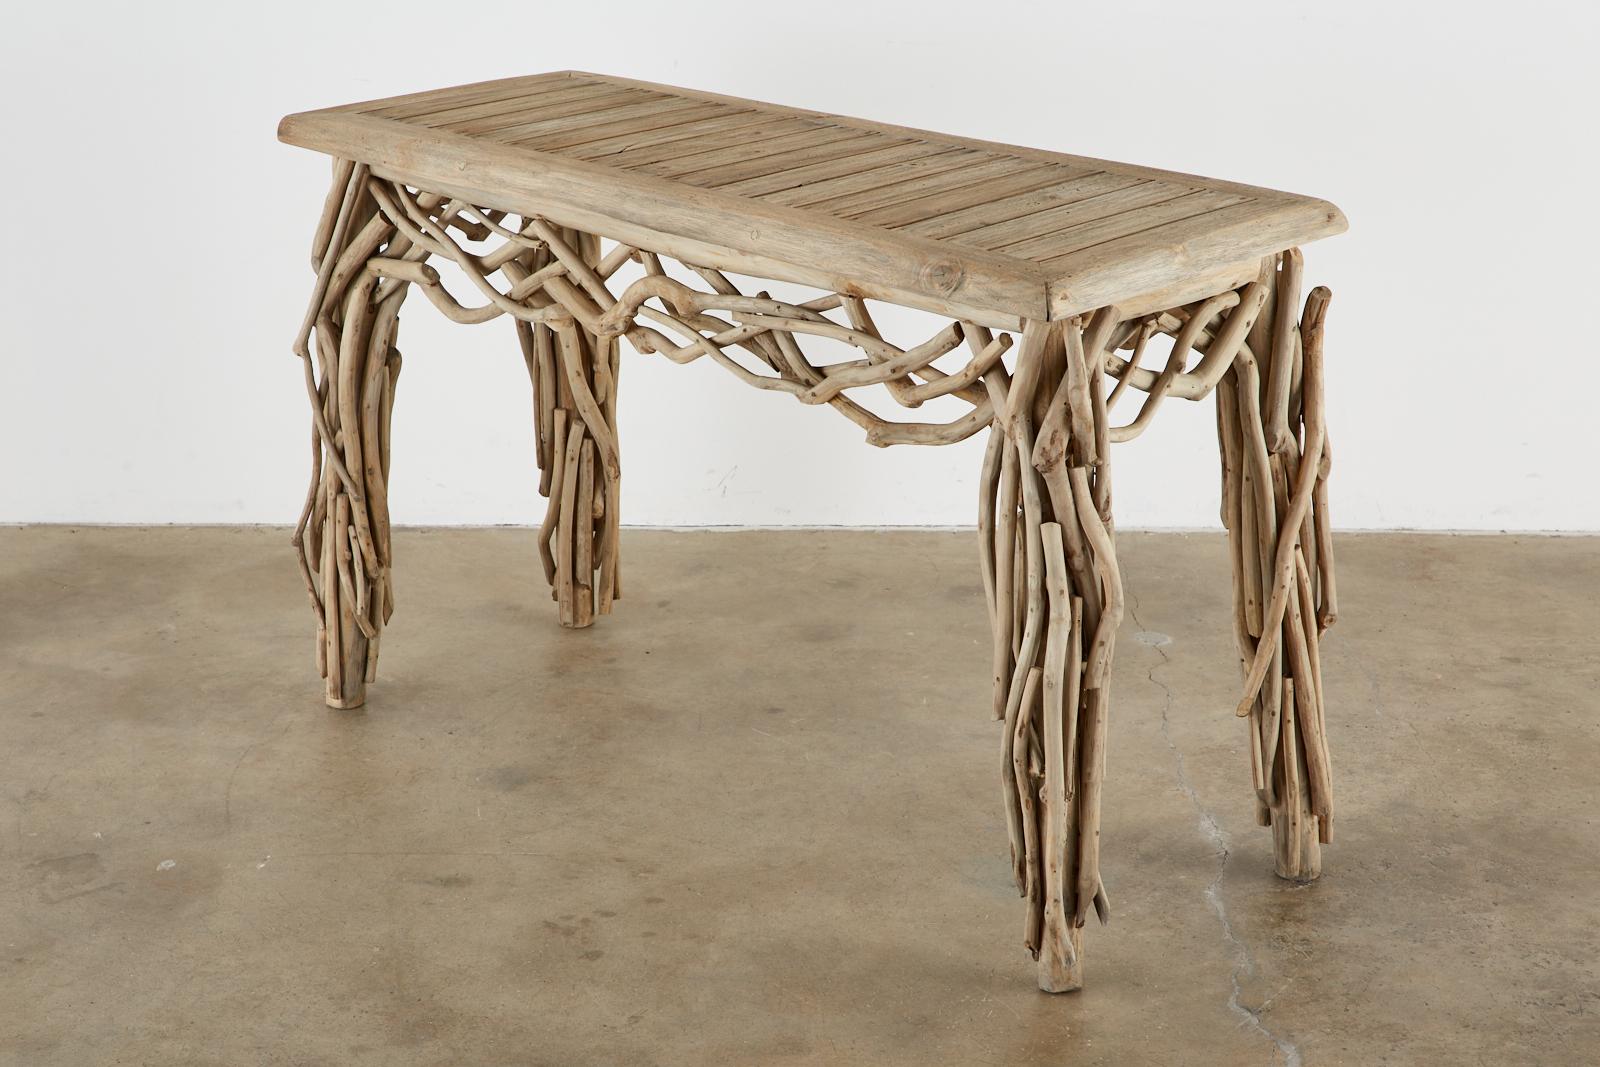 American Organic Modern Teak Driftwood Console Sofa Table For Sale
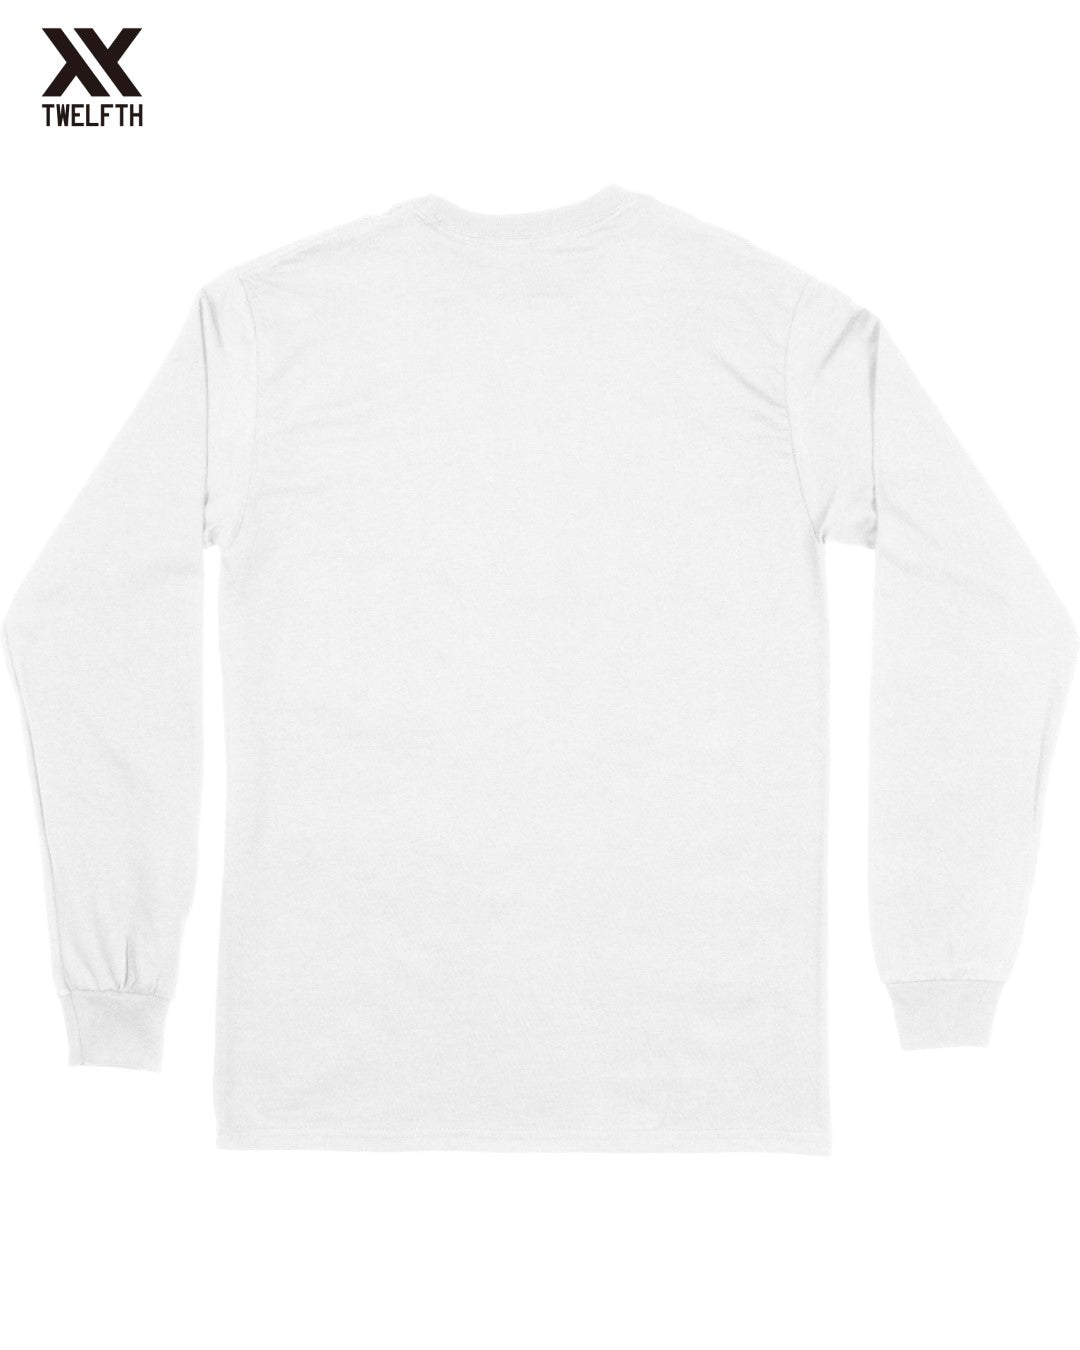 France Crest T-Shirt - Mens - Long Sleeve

☆ ☆ ☆ ☆

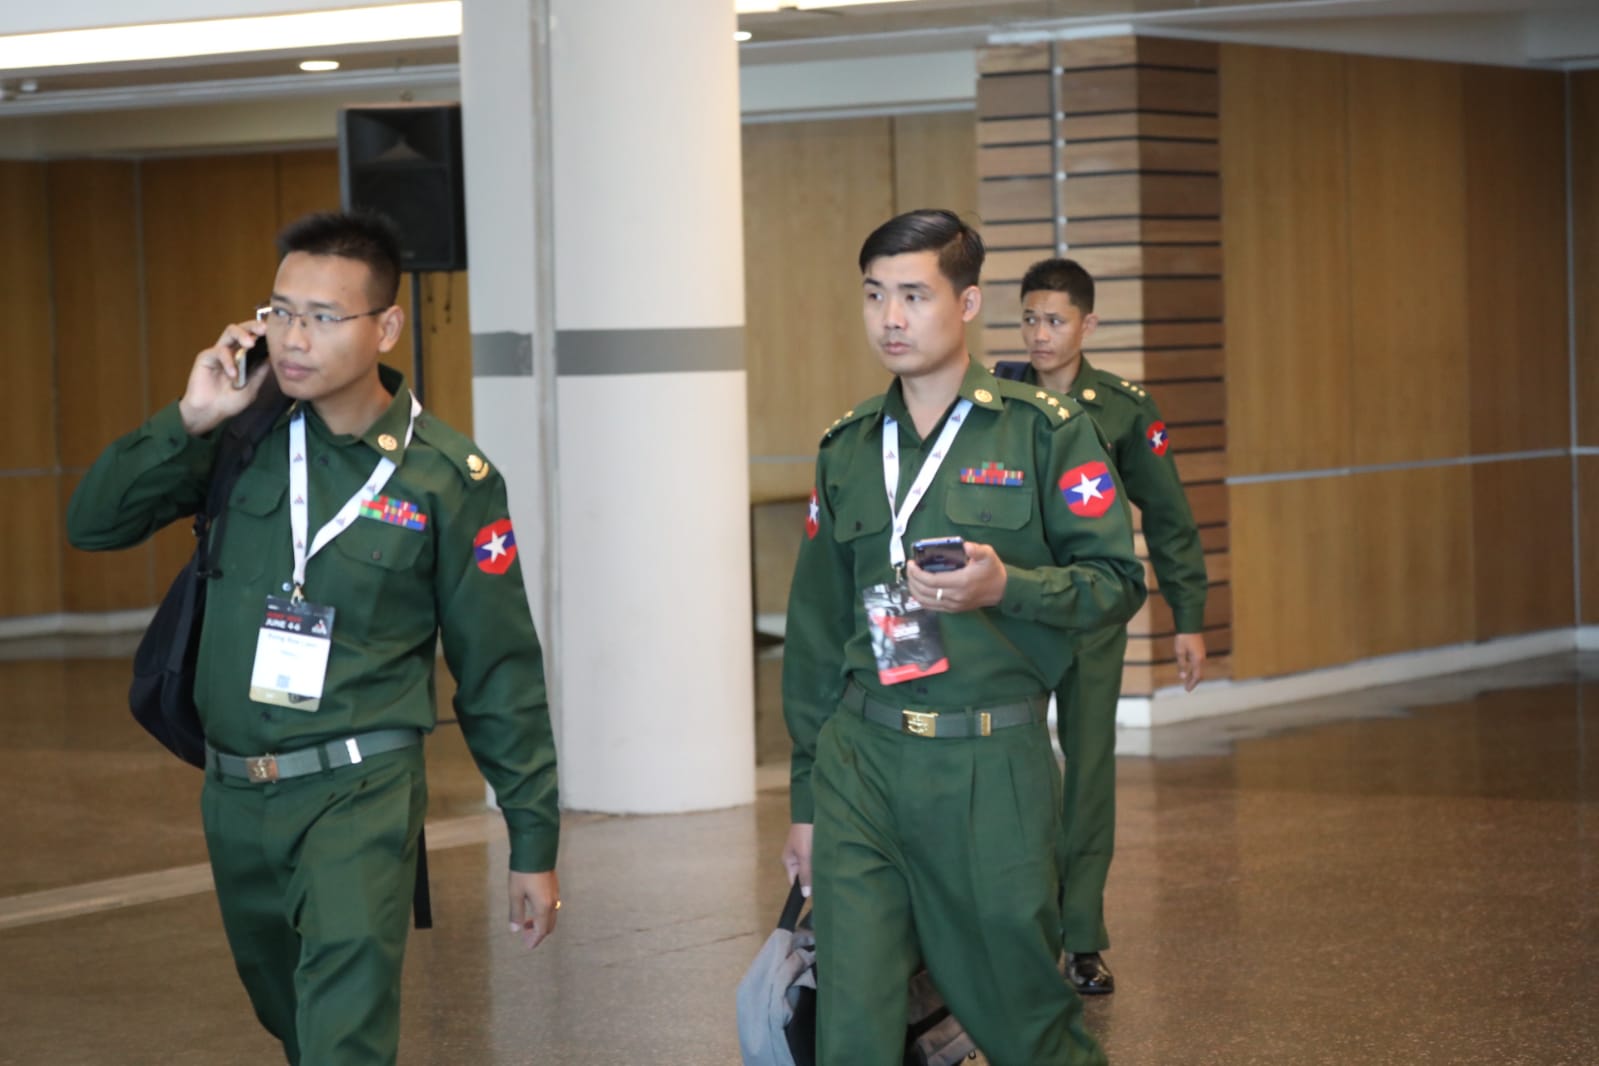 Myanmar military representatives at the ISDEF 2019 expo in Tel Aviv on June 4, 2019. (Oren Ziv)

☆ ☆ ☆ ☆

Going by the data above, give back only the lines from the one containing "American Organic Modern" through the one containing "France Crest T-Shirt - Mens - Long Sleeve", exactly as they stand, both ends included and no images.

> _Exercise response_:
 American Organic Modern Teak Driftwood Console Sofa Table For Sale
 France Crest T-Shirt - Mens - Long Sleeve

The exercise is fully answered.